In deze zaak heeft de rechtbank Rotterdam op 17 juli 2017 een beslissing genomen over een wrakingsverzoek van een verzoeker tegen mr. T.M.J. Smits, rechter in de rechtbank Rotterdam. Het wrakingsverzoek werd ingediend op 6 juli 2017, terwijl de verzoeker op 29 mei 2017 op de hoogte was gesteld van de naam van de behandelend rechter. De rechtbank oordeelde dat het wrakingsverzoek niet tijdig was ingediend, aangezien de verzoeker niet onmiddellijk na het bekend worden van de feiten en omstandigheden die aanleiding gaven voor het wrakingsverzoek, actie heeft ondernomen. De rechtbank stelde vast dat de verzoeker pas na een periode van meer dan een maand, na de oproepingsbrief, het verzoek tot wraking indiende. Dit is in strijd met de vereisten van artikel 513 lid 1 van het Wetboek van Strafvordering, dat stipuleert dat een wrakingsverzoek onmiddellijk na het bekend worden van de feiten moet worden ingediend. De rechtbank concludeerde dat de verzoeker niet-ontvankelijk moest worden verklaard in zijn wrakingsverzoek. De beslissing werd genomen door een meervoudige kamer voor wrakingszaken, bestaande uit de voorzitter en twee andere rechters, en werd openbaar uitgesproken op 28 juli 2017.

Uitspraak

Rechtbank Rotterdam

Meervoudige kamer voor wrakingszaken
Zaaknummer / rekestnummer: 530531 / HA RK 17-602
Beslissing van 17 juli 2017
op het verzoek van
[naam verzoeker],
wonende te [woonplaats] ,
verzoeker,
strekkende tot wraking van:
mr. T.M.J. SMITS, rechter in de rechtbank Rotterdam, Kanton, team 1 (hierna: de rechter).

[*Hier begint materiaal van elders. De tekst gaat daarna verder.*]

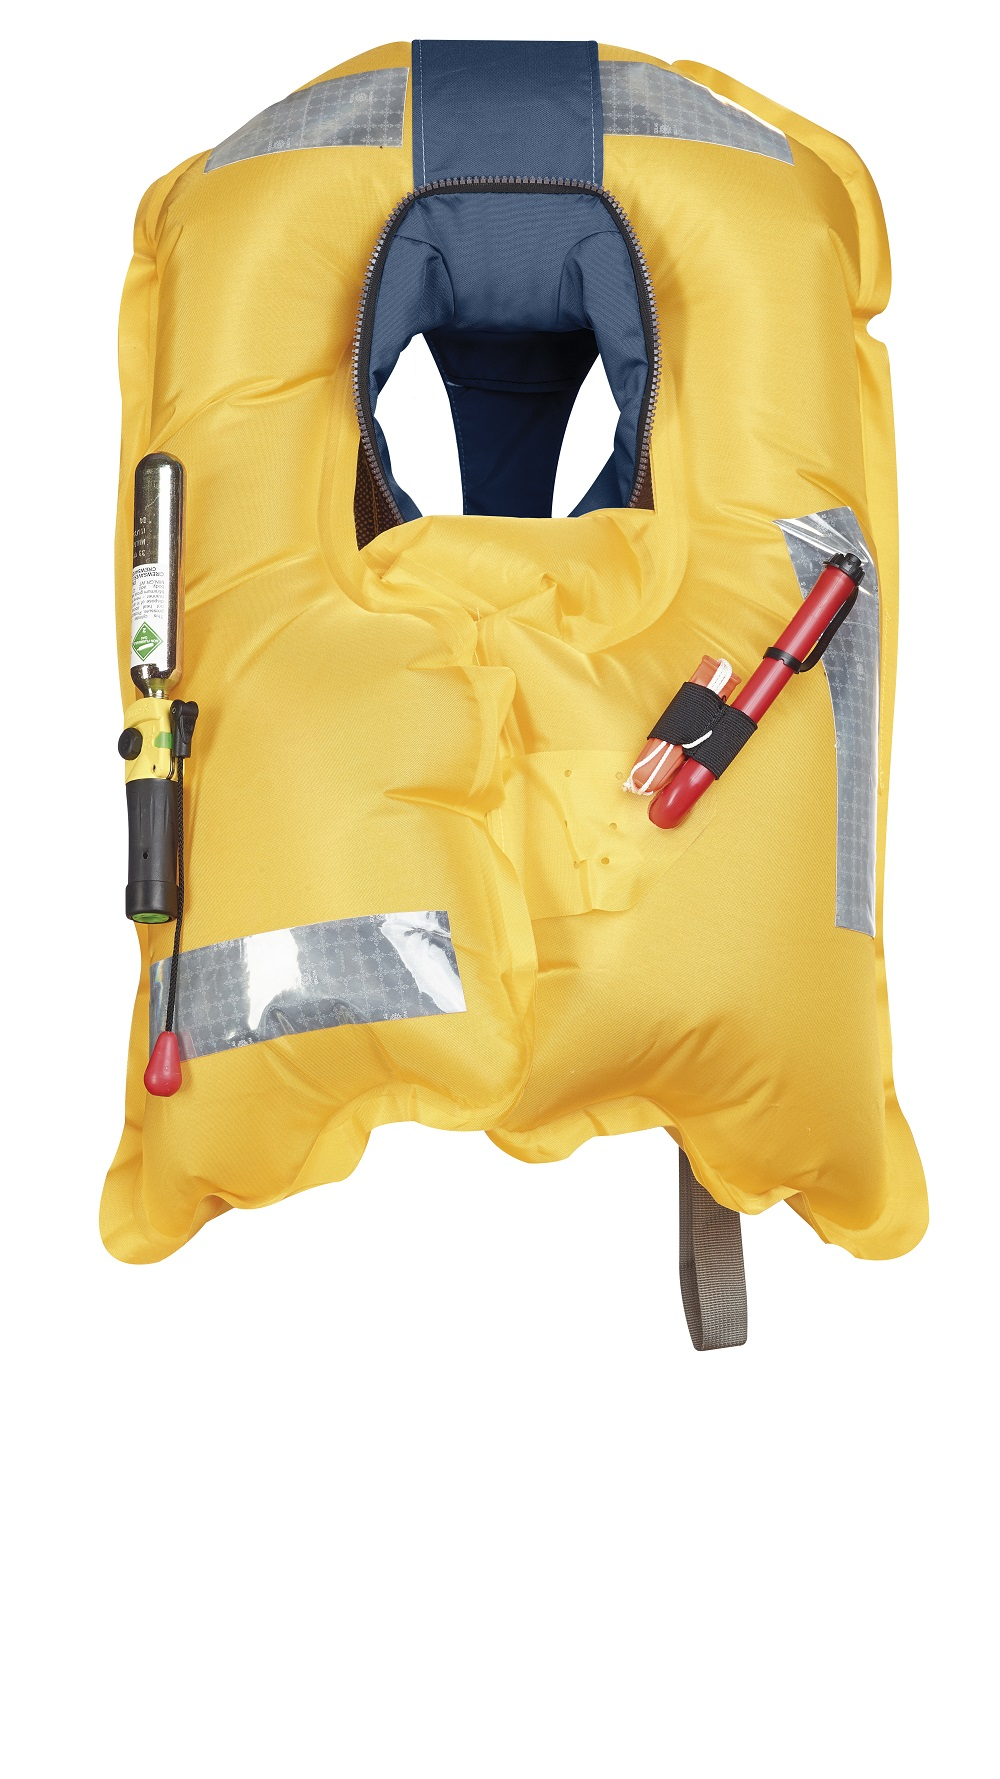 Crewsaver Crewfit 165n Sport Lifejacket Manual Navy Dale Sailing Maclube Electric Fuel Pump Instruction Sheet 2471

1.Het procesverloop en de processtukken

1.1
Bij brief van 29 mei 2017 heeft de griffier verzoeker opgeroepen voor de op 7 juli 2017 gelaste mondelinge behandeling van het door hem ingestelde beroep tegen de beslissing van de Officier van Justitie met CJIB-nummer [CJIB-nummer]. Die procedure draagt als kenmerk 5946109 MB VERZ 17-1842.
1.2
Bij brief van 6 juli 2017, op dezelfde dag per e-mail aan de rechtbank gezonden, heeft verzoeker wraking van de rechter verzocht.
1.3
De wrakingskamer heeft kennis genomen van het griffiedossier van de hierboven genoemde procedure.
1.4
Verzoeker alsmede de rechter zijn verwittigd van de datum waarop het wrakingsverzoek zou worden behandeld en zijn voor de zitting uitgenodigd.
De rechter is in de gelegenheid gesteld voorafgaande aan de zitting schriftelijk te reageren. De rechter heeft van die gelegenheid gebruik gemaakt bij brief van 7 juli 2017.
1.5
Ter zitting van 14 juli 2017 is het wrakingsverzoek behandeld. De rechter was daarbij, zoals al aangekondigd in haar schriftelijke reactie, niet aanwezig. Verzoeker is zonder bericht van verhindering niet ter zitting verschenen.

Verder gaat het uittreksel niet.